Your amp options for the LS50s will depend in some part on objective measures and some part on you. Price range? How loud do you listen? What dynamic range music? What size room? Black or Silver? Small or large?

cheers,


----------



## ilok (Jul 20, 2013)

Your ear. Trust nothing else.


----------



## Phillips (Aug 12, 2011)

ilok said:


> Your ear. Trust nothing else.


Yep, and in your room, not in a showroom.


----------



## pxj (Jun 10, 2011)

I have a pair of the LS50's. I used my Quicksilver Mid Mono's (40watts), sounds great, I've used my Vincent Sp331MK (150watts per) sounds great, I've used my Pass Labs 30.5 sounds great. My room 14x12x10. I don't play my music are loud levels 70-85db is about it for my taste for average listening. Jazz, smooth jazz, classic rock, blues, some classical. Source Apollo R, or Micro Seki BL91, or a Teac UD501 dac. 

Get a pair in your home and listen.


----------



## tonyvdb (Sep 5, 2007)

Given the LS50's amp requirements are 25-100watts and their frequency response is only 79Hz - 28kHz. Your not going to need alot of power. Are you looking for something warm sounding? Look at getting a nice tube amp. If you want traditional power the options are endless. Emotiva, Yamaha Samson, QSC, and the list goes on. 
The Emotiva XPA 200 would be a very nice choice.


----------



## shkumar4963 (Nov 16, 2014)

tonyvdb said:


> Given the LS50's amp requirements are 25-100watts and their frequency response is only 79Hz - 28kHz. Your not going to need alot of power. Are you looking for something warm sounding? Look at getting a nice tube amp. If you want traditional power the options are endless. Emotiva, Yamaha Samson, QSC, and the list goes on.
> The Emotiva XPA 200 would be a very nice choice.


I currently have a Yamaha RX-V800 HT amp with stated power of 100 wpc with very low distortion and very flat frequency response. I don't know if I should change. My deer says that LS50 are demanding speakers and should be paired with 1500+ amps. All reviews also say the same thing. Let me know how I decide if I should change and if yes will Emotiva xa 200 be good upgrade.


----------



## tonyvdb (Sep 5, 2007)

shkumar4963 said:


> I currently have a Yamaha RX-V800 HT amp with stated power of 100 wpc with very low distortion and very flat frequency response. I don't know if I should change


In my opinion it would do just fin with those speakers. Im asuming your going to use a sub with these?


> My dealer says that LS50 are demanding speakers and should be paired with 1500+ amps. All reviews also say the same thing. Let me know how I decide if I should change and if yes will Emotiva xa 200 be good upgrade.


Hogwash! Its obvious he wants you to buy something he sells.
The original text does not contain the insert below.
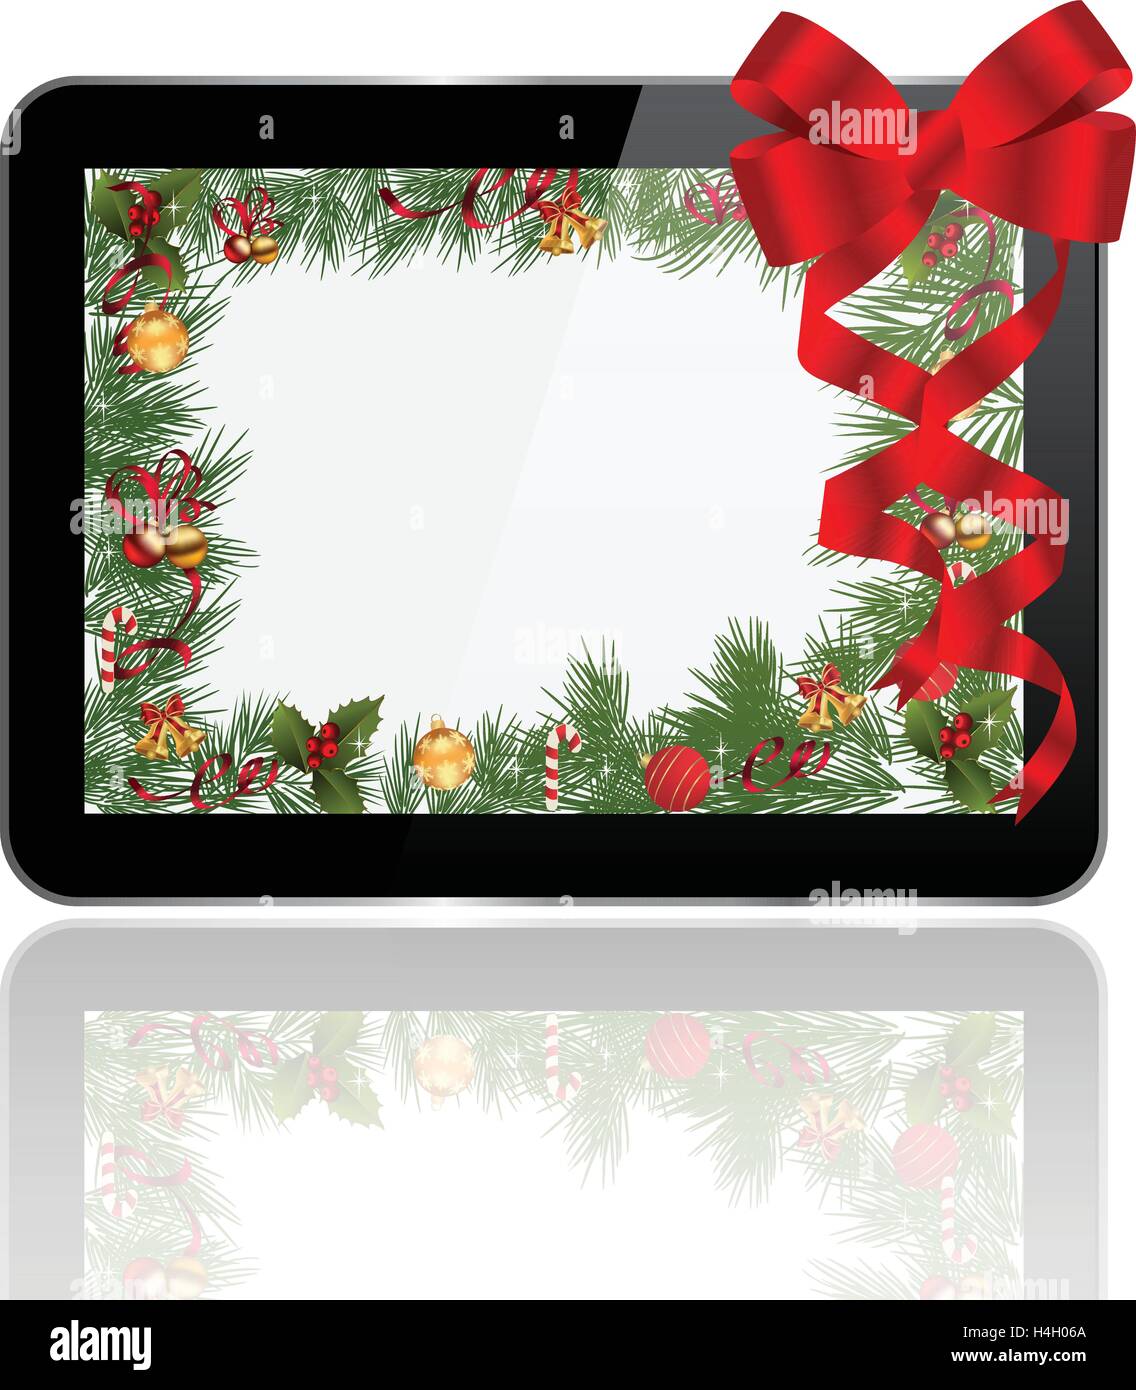 Tablet PC Weihnachtsgeschenk Stock Vektor

The LS50s are 85db efficient at 8ohms (dips down to 5ohms) and they will sing with a 150watt per channel amp like the Emotiva. No need to get more power than that, they are not large floorstanders.


----------



## pxj (Jun 10, 2011)

I've even used the LS50 with my Denon 4311. I say get you a pair and enjoy the speakers.


----------



## shkumar4963 (Nov 16, 2014)

I am currently using my Yamaha with LS50. They sound fine. But of course I don't know if bass will be even better with a parasound A23 or Emotiva or Krell. I do not have a sub yet. But selecting that is another topic that requires some discussion.


----------



## ilok (Jul 20, 2013)

The LS50 have no mid and no bass, buy a tower instead because the money on the amp will be wasted with the LS50.


----------



## pxj (Jun 10, 2011)

ilok said:


> The LS50 have no mid and no bass, buy a tower instead because the money on the amp will be wasted with the LS50.


I use mine with a Rythmik F12se and it works great. It really depends on where you use your speakers. I have towers but in my small area the kefs and the sub work great and sound great.


----------



## shkumar4963 (Nov 16, 2014)

ilok said:


> The LS50 have no mid and no bass, buy a tower instead because the money on the amp will be wasted with the LS50.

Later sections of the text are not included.